Hitchhiking?  Aren’t you afraid?  Well, initially, especially since we had never done it.  But soon it was a very comfortable way to travel. Most of the roads that we had to hitch were traveled mainly by locals who knew what we were doing (even now we wouldn’t consider hitching at an Interstate rest stop).  Rarely did we get picked up by anyone who wasn’t aware of the trail and hikers.

What’s the next adventure? What’s next on the bucket list? What are you going to do to top this?  Neither one of us have a bucket list, instead taking things as they come.  We’ll continue to live and do the things we enjoy without a need to “top this”.

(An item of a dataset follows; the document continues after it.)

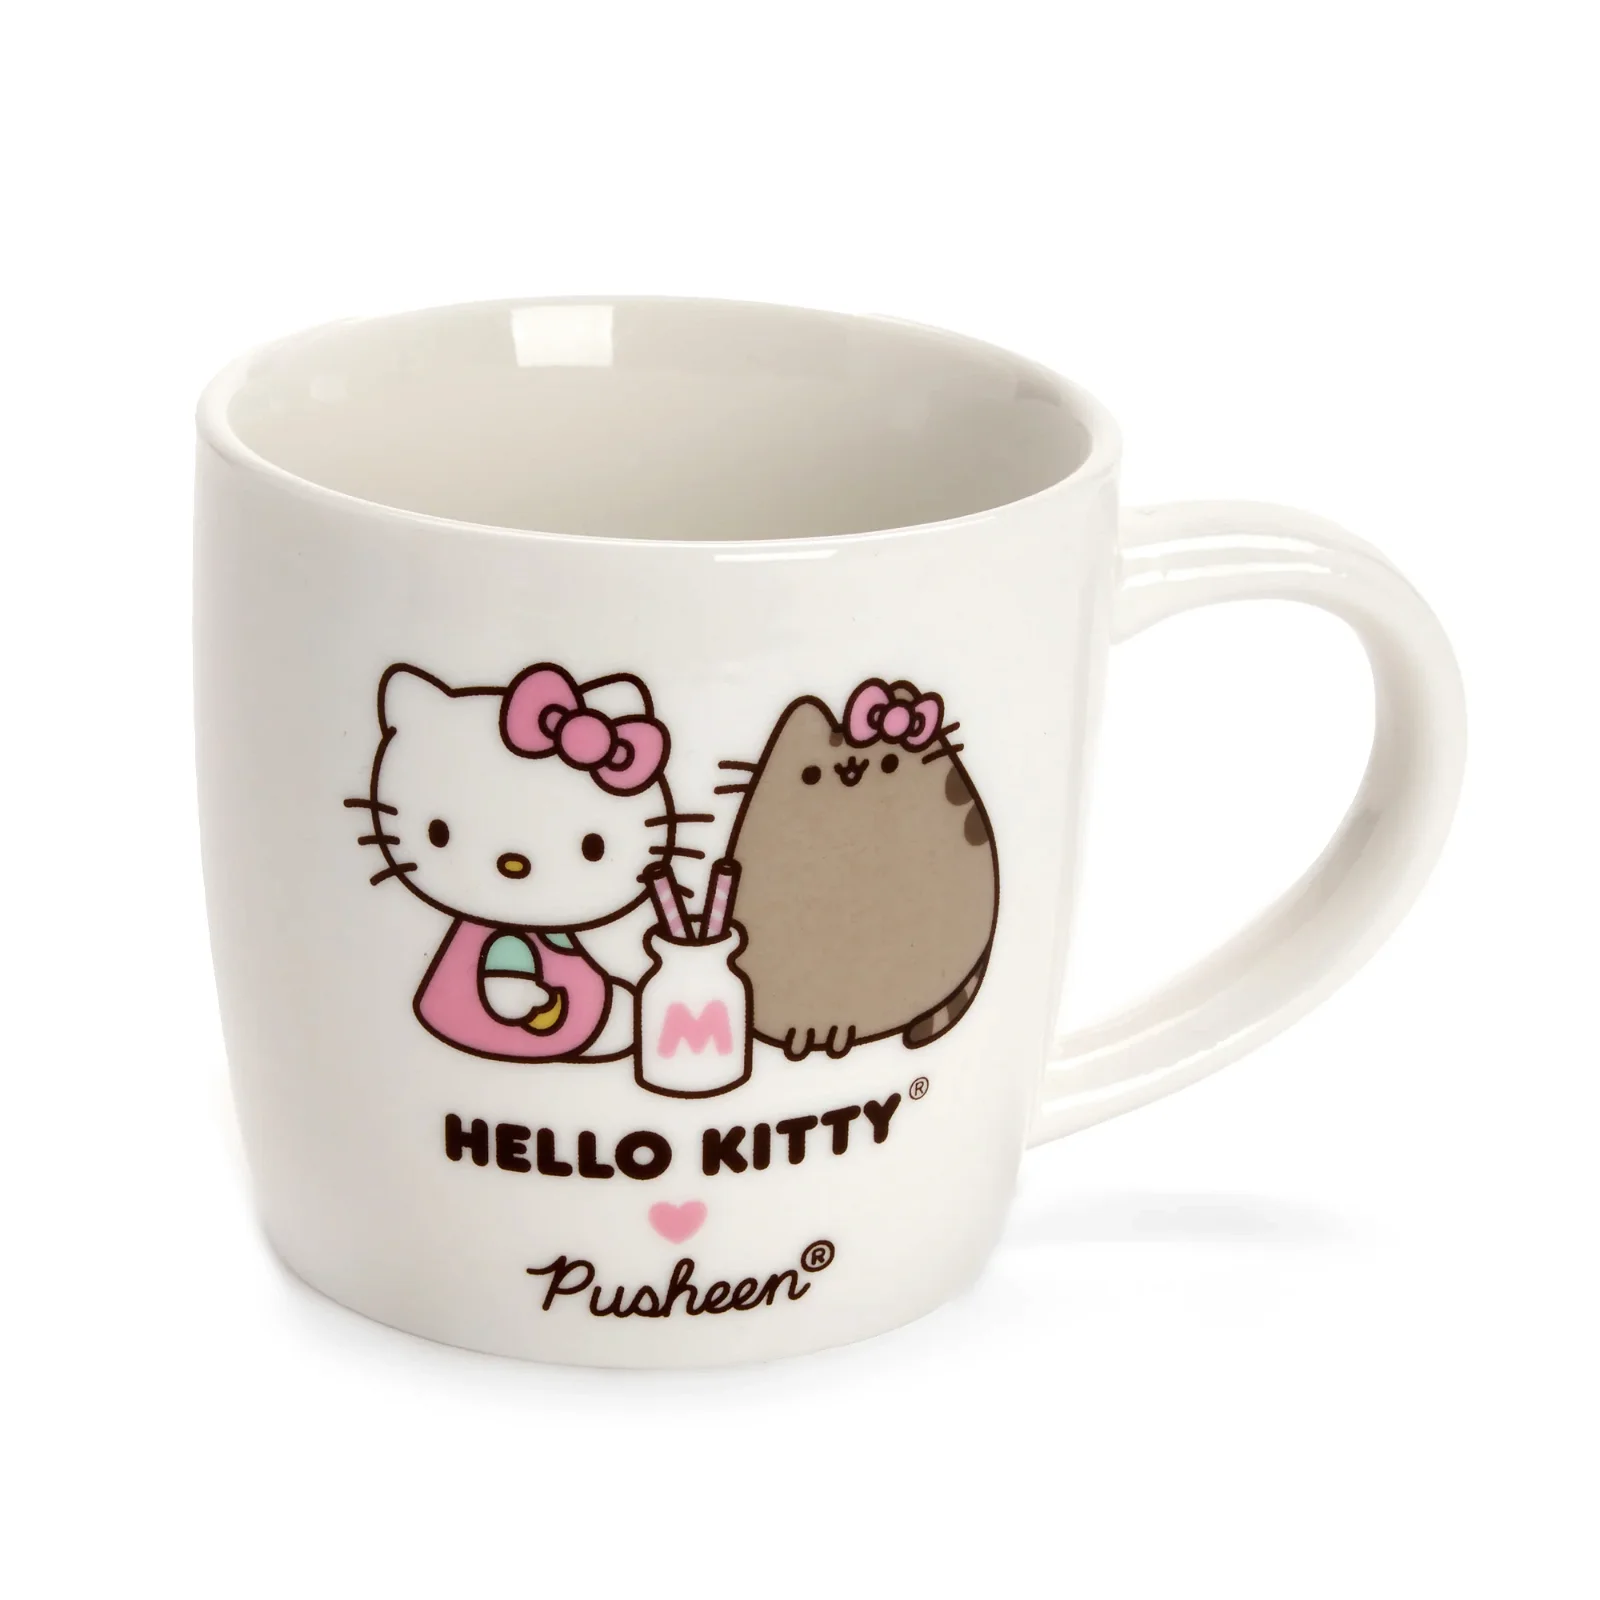 Image of Hello Kitty x Pusheen Mug

When are you doing the AT/CDT, or your next thru-hike.? We aren’t.  We enjoyed our experience, but won’t do one like that again.  Instead, we see the value in shorter section hikes of up to a month where we don’t feel the need to crank out 25+ mile days just to finish.  It will be nice to do 12-15 mile days where we would have the time to swim in all of those lakes that we passed.

Thank you to all of you that supported us along the way!

Wet to the End

With hope of drying out overnight, we slept hard.  That is, until the rain woke us up and we had to close up the tent.

Will we ever learn?

Luckily the rain was short-lived, but the rapid cool down afterwards meant plenty of condensation. We were going to remain soaked.

Any chance of viewing the Sky Lakes below us was short-lived as the clouds moved back in.  But it made for some beautiful hiking.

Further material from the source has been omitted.